Debugging frozen processes

Obviously fixing a frozen process involves more than figuring out how to automatically kill it. Killing it just fixes the symptoms, and should be considered a final defense in the war against frozen processes. It’s better to figure out the root cause. We have a number of tools in our arsenal to find out what a frozen process is doing.


crash-watch is a tool that we’ve written to easily obtain process backtraces. Crash-watch can be instructed to dump backtraces when a given process crashes, or dump their current backtraces.

Crash-watch is actually a convenience wrapper around gdb, so you must install gdb first. It dumps C-level backtraces, not language-specific backtraces. If you run crash-watch on a Ruby program it will dump the Ruby interpreter’s C backtraces and not the Ruby code’s backtraces. It also dumps the backtraces of all threads, not just the active thread.

Invoke crash-watch as follows:

crash-watch --dump <PID>

Here is a sample output. This output is the result of invoking crash-watch on a simple “hello world” Rack program that simulates being frozen.

Crash-watch is especially useful for analyzing C-level problems. As you can see in the sample output, the program is frozen in a freeze_process call.

Crash-watch can also assist in analyzing problems caused by Ruby C extensions. Ruby’s mysql gem is quite notorious in this regard because it blocks all Ruby threads while it’s doing its work.
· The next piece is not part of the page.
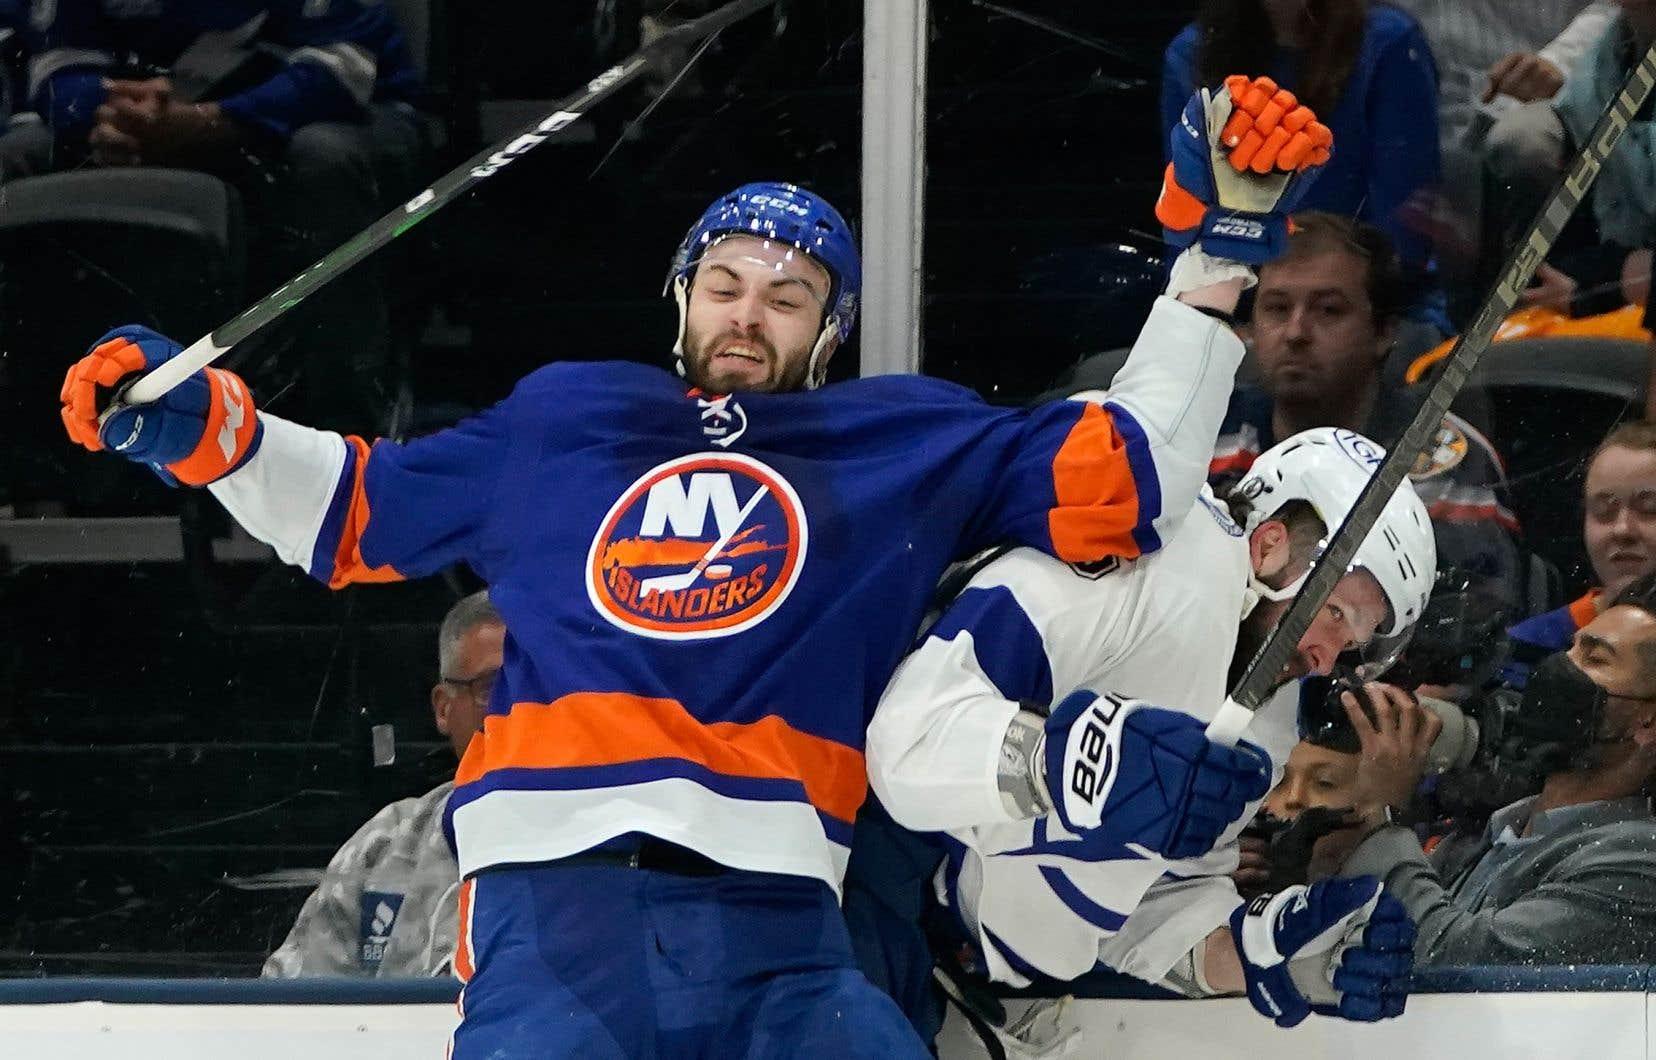 Le défenseur des Islanders de New York, Adam Pelech

If the MySQL server doesn’t respond (e.g. because of network problems, because the server is dead, or because the query is too heavy) then the mysql gem will freeze the entire process, making it even unable to respond to signals. With crash-watch you are able to clearly see that a process is frozen in a mysql gem call.

Phusion Passenger’s SIGQUIT handler

Ruby processes managed by Phusion Passenger respond to SIGQUIT by printing their backtraces to stderr. On Phusion Passenger, stderr is always redirected to the global web server error log (e.g. /var/log/apache2/error.log or /var/log/nginx/error.log), not the vhost-specific error log. If your Ruby interpreter supports it, Phusion Passenger will even print the backtraces of all Ruby threads, not just the active one. This latter feature requires either Ruby Enterprise Edition or Ruby 1.9.

Note that for this to work, the Ruby interpreter must be responding to signals. If the Ruby interpreter is frozen inside a C extension call (such as is the case in the sample program) then nothing will happen. In that case you should use crash-watch or the rb_backtrace() trick below.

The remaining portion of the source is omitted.